Announcement: https://aws.amazon.com/blogs/mt/introducing-aws-fault-injection-service-actions-to-inject-chaos-in-lambda-functions/
Available actions: https://docs.aws.amazon.com/fis/latest/userguide/fis-actions-reference.html#aws-lambda-actions-reference
Introducing new Event Source Mapping (ESM) metrics for AWS Lambda
- ✅ FilteredOutEventCount — now you can know why your system stopped getting events
- ✅ FailedInvokeEventCount — finally metric tracking partial failures
- ✅ DroppedEventCount — events dropped due to max age or max retry attempts reached
Announcement: https://aws.amazon.com/blogs/compute/introducing-new-event-source-mapping-esm-metrics-for-aws-lambda/
Introducing resource control policies (RCPs) to centrally restrict access to AWS resources
New organizational policy to centrally control resource permissions. For example, centrally disable putting objects without server-side encryption or enforce https communication
✅ Permission guardrails on resource actions
✅ Applicable on account, OU and root
🚨 Affects only member accounts
🚨 Does not grant any access, defines maximum available permissions
🚨 Do not affect service-linked roles
🚨 Do not affect AWS-managed KMS keys
Supported services: S3, STS, KMS, SQS, Secrets Manager
Announcement: https://docs.aws.amazon.com/organizations/latest/userguide/orgs_manage_policies_rcps.html
Amazon Aurora Serverless v2 supports scaling to zero capacity
Everyone was waiting for it. This always makes me wonder how many people are not aware of the dual write problem and do not use the Outbox pattern.
- ✅ Scales to zero
- ✅ Resumes in 15 seconds if paused for less than 24 hours
- 🚨 Resumes in “longer than 15 seconds” if paused for more than 24 hours. What longer means? Who knows, but I haven’t tested that.

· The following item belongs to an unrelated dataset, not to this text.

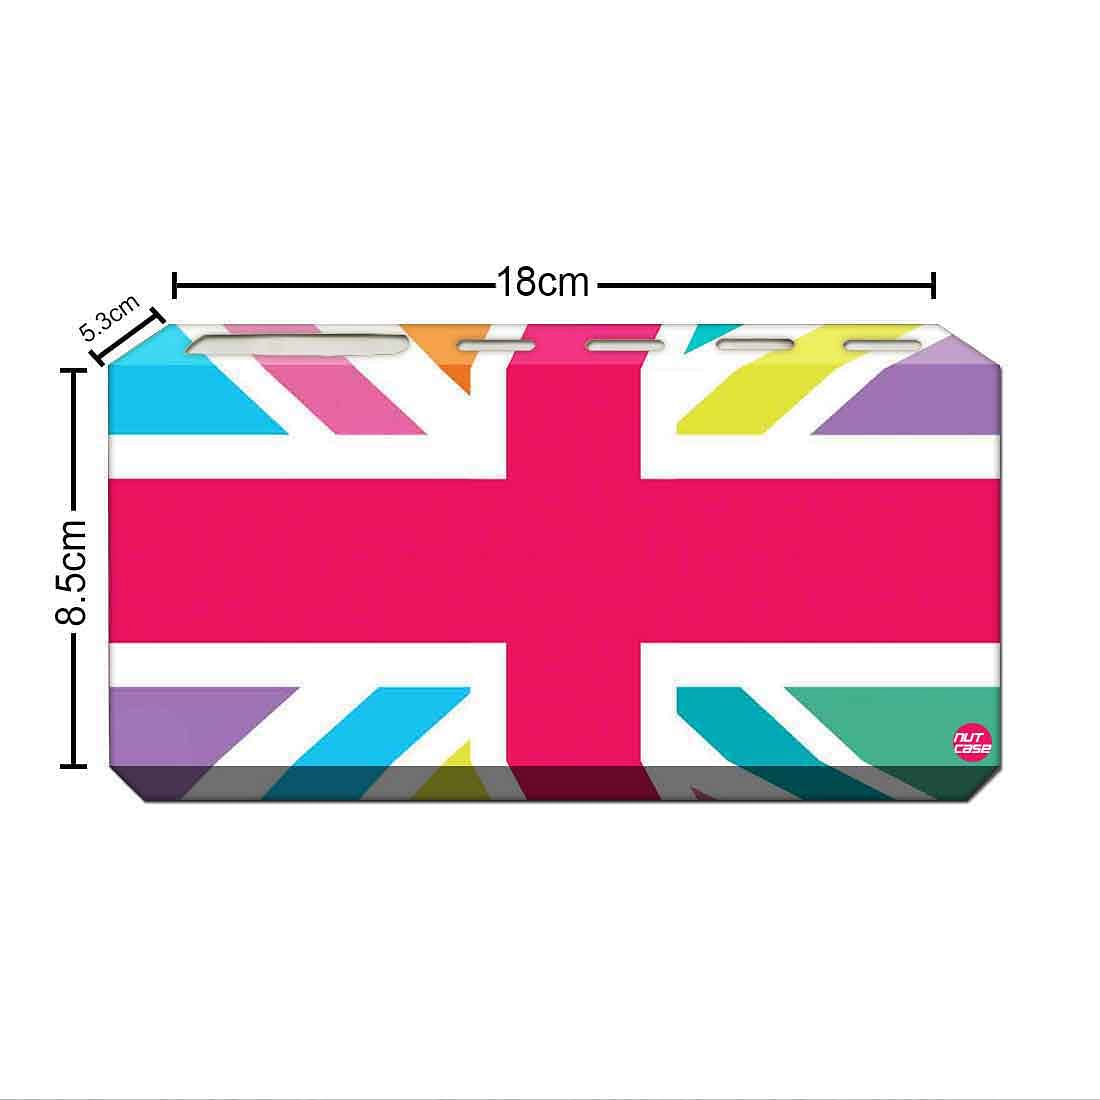 Toothbrush Holder Wall Mounted -Multicolor Union Jack British Flag Nutcase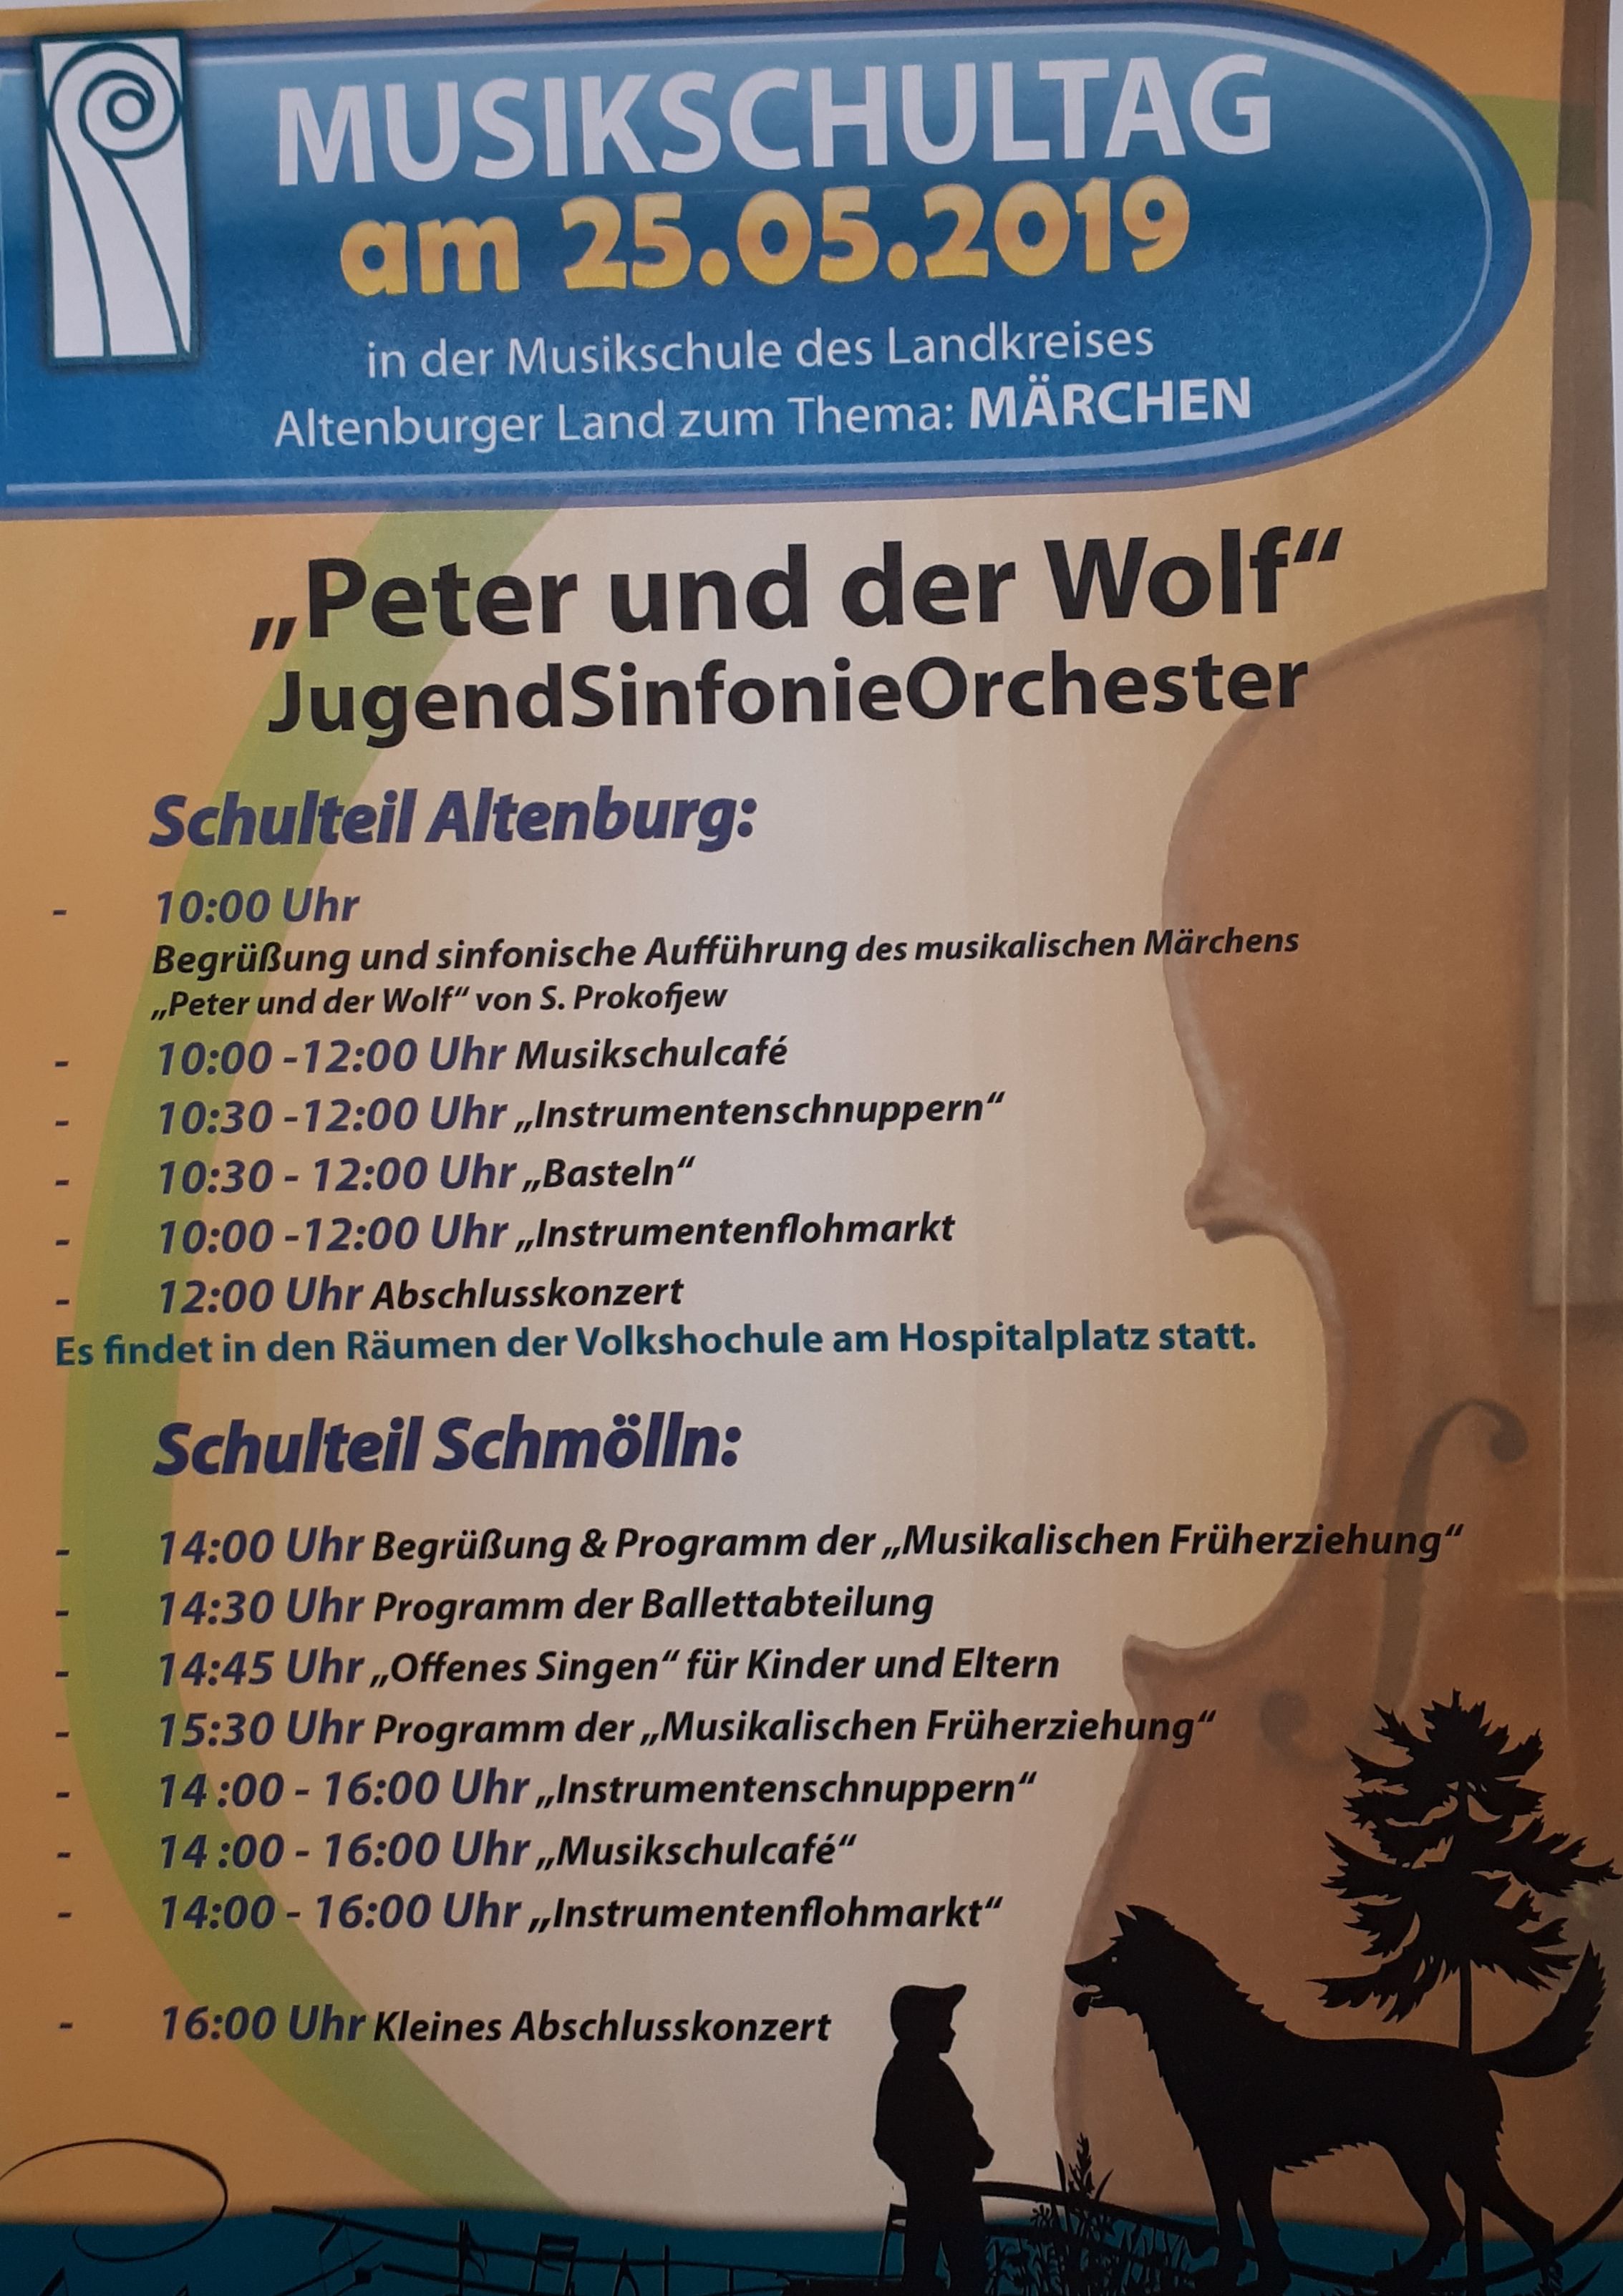 25. Mai 2019 - Musikschultag - Landratsamt Altenburger Land

- 🚨 Won’t scale to zero if you are using RDS Proxy
- 🚨Won’t fully scale to zero if replication is turned on, but you can scale down readers.
- 🚨 Won’t scale to zero on zero-ETL integration with Redshift
Noteworthy
Amazon CloudFront announces origin modifications using CloudFront Functions
✅ Cheaper, easier and faster origin redirection
Check out all possible params: https://docs.aws.amazon.com/AmazonCloudFront/latest/DeveloperGuide/helper-functions-origin-modification.html
Securely share AWS resources across VPC and account boundaries with PrivateLink, VPC Lattice, EventBridge, and Step Functions
AWS Lambda supports Customer Managed Key (CMK) encryption for Zip function code artifacts
The title is self-explanatory, I guess.
Announcement: https://aws.amazon.com/about-aws/whats-new/2024/11/aws-lambda-cmk-encryption-zip-function-code-artifacts/
Storage Browser for Amazon S3 is now generally available
It is a useful component that can grant access to S3, which might be very handy for moving some end users away from network drives before redesigning legacy systems.
Optimize compute resources on Amazon ECS with Predictive Scaling
Now you can scale not only reactively, but also proactively to always be ready to handle your loads.